Светлый фон

— Еще бы! Но я лишь хотел спросить: вы помните, что в тот день вас навещал Тони?

Наступила пауза, и Страйк заметил, что изможденное лицо как-то ожесточилось.

— Нет, я не помню, чтобы в тот день меня навещал Тони, — выговорила наконец Леди Бристоу. — Я знаю, он говорит, что приезжал, но я этого не помню. Возможно, я спала.

— Он утверждает, что находился здесь одновременно с Лулой, — подсказал Страйк.

Леди Бристоу еле заметно пожала хрупкими плечами.

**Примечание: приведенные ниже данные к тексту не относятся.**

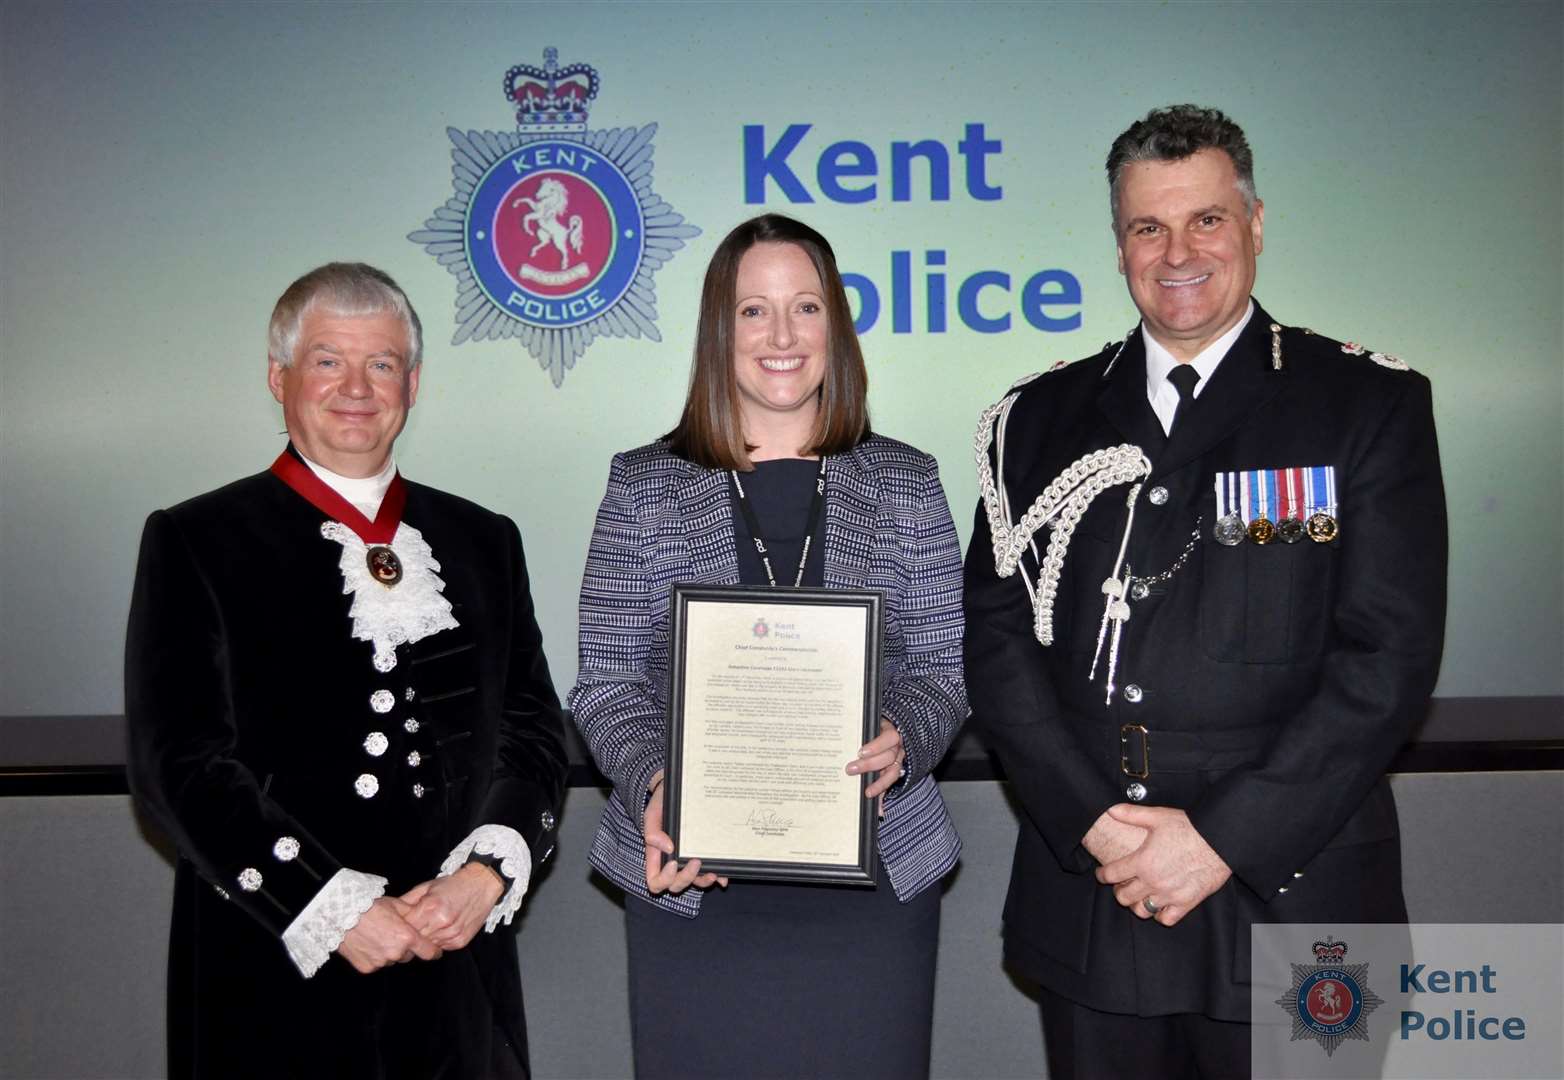 DC Lockwood receiving her honour at Kent Police College in Maidstone

— Все может быть, — сказала она, — но я этого не помню. — Она немного повысила голос. — Когда мой брат узнал, что я при смерти, он стал относиться ко мне гораздо человечнее. Постоянно навещает. Конечно, не упускает случая вставить шпильку в адрес Джона. Так было всегда. Но Джон… выше всяческих похвал. Пока я прикована к постели, он делает для меня такие вещи… каких нельзя требовать от сына. Я бы скорее ожидала этого от Лулы… но она была избалованной девочкой. Я любила ее, но она была крайне эгоистична. Крайне эгоистична.

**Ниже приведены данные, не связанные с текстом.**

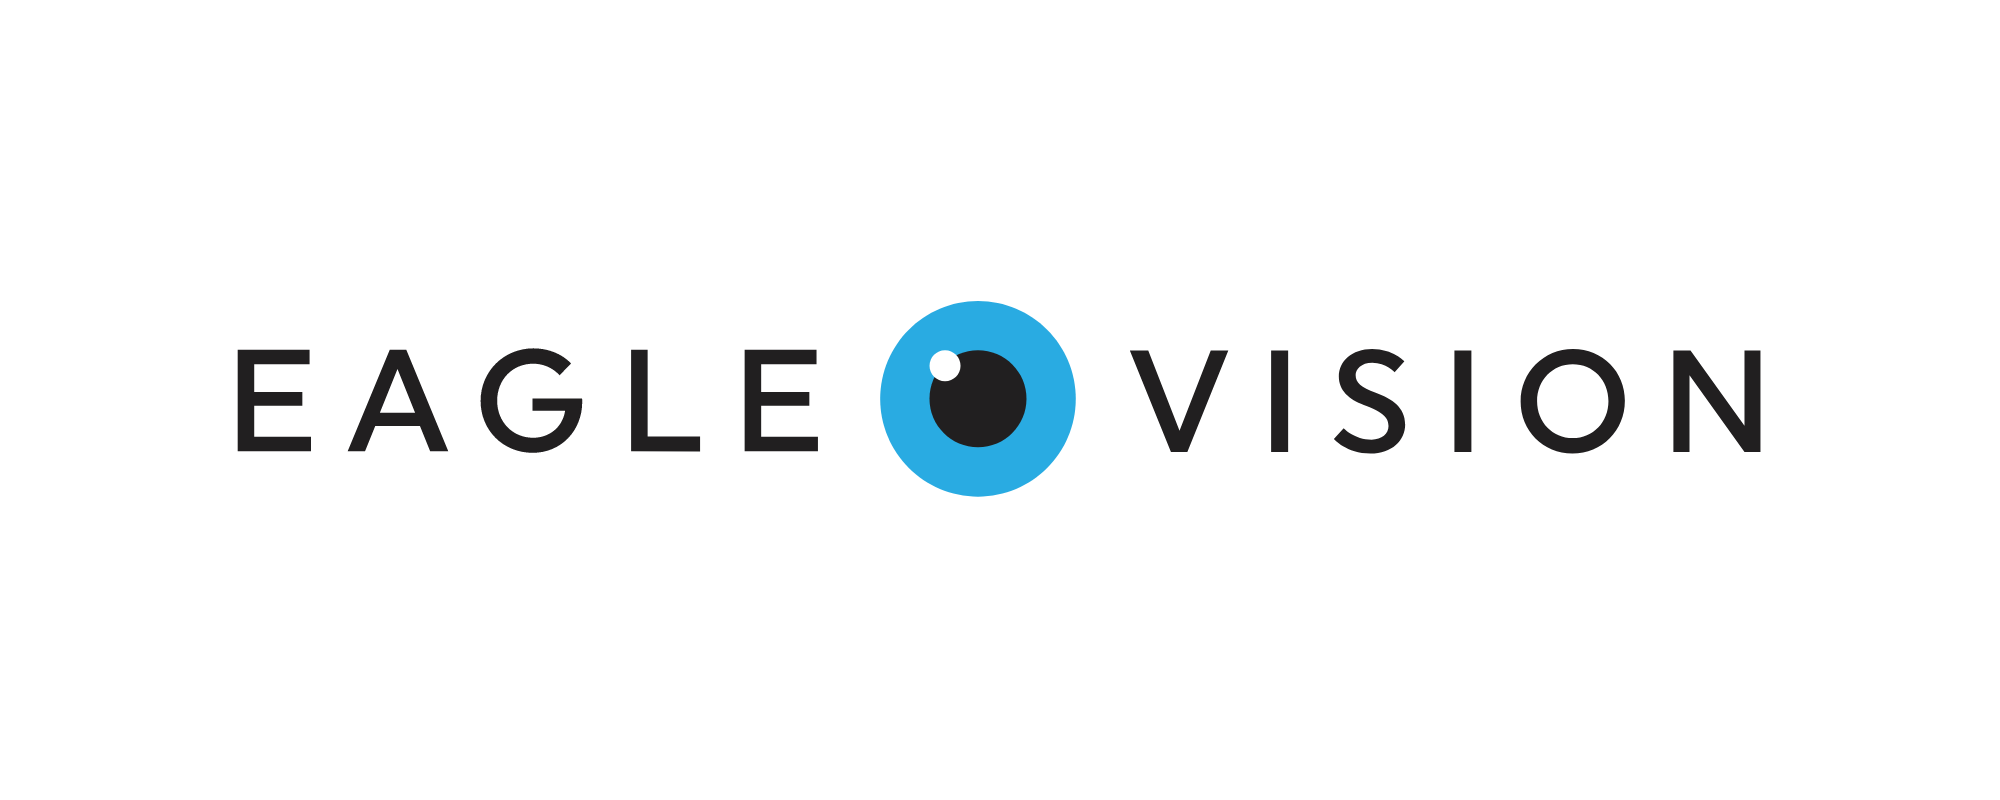 eagle-vision-logo

— Значит, в тот день, когда вы в последний раз видели Лулу… — Страйк упрямо возвращался к главному, но леди Бристоу не дала ему договорить.

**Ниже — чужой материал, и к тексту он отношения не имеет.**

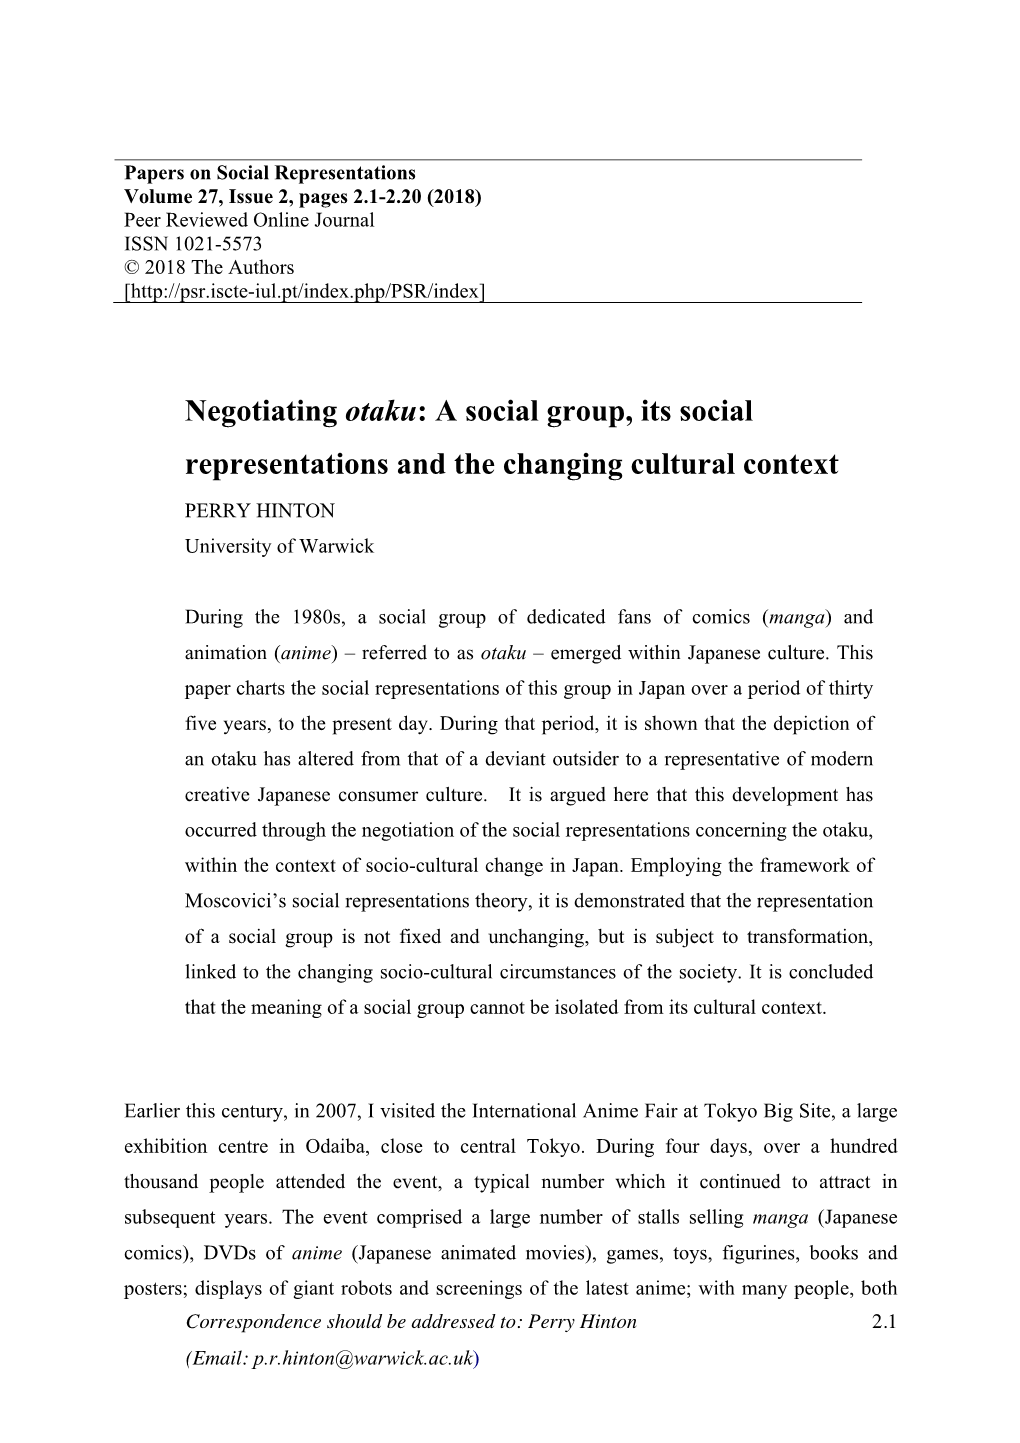 Negotiating Otaku: a Social Group, Its Social Representations and the Changing Cultural Context

— Когда она уходила, я была очень расстроена, — сказала она. — Страшно расстроена. Разговоры о Чарли не проходят для меня бесследно. Она видела, в каком я состоянии, но все равно отправилась на встречу с подружкой. Мне ничего не оставалось, как принять успокоительное, и я заснула. Нет, я не видела Тони; я вообще никого не видела. Он сколько угодно может говорить, что был здесь, но я ничего не помню. Меня разбудил Джон — он принес мне поднос с ужином. Джон был взвинчен. Он меня отчитал.

— За что?

— По его мнению, я пью чересчур много таблеток, — капризно, как маленькая девочка, сказала леди Бристоу. — Бедный Джон, я понимаю, он хочет как лучше, но ему не понять… он не может понять… в моей жизни было столько боли. В тот вечер он сидел со мной очень долго. Мы говорили о Чарли. Проговорили за полночь. И во время нашей беседы… — она понизила голос до шепота, — как раз в это самое время Лула выбросилась… выбросилась со своего балкона. Так что ранним утром на долю Джона выпало сообщить мне эту весть. С рассветом здесь уже была полиция. Он вошел ко мне в спальню и сказал… — Она сглотнула и, едва живая, покачала головой. — Потому-то у меня и произошло обострение заболевания, это точно. Человеческой боли есть предел.

Ее речь становилась все более невнятной. Страйк мог только гадать, сколько таблеток валиума она проглотила до его прихода: у нее слипались глаза.

— Иветта, вы разрешите мне воспользоваться ванной комнатой? — спросил он.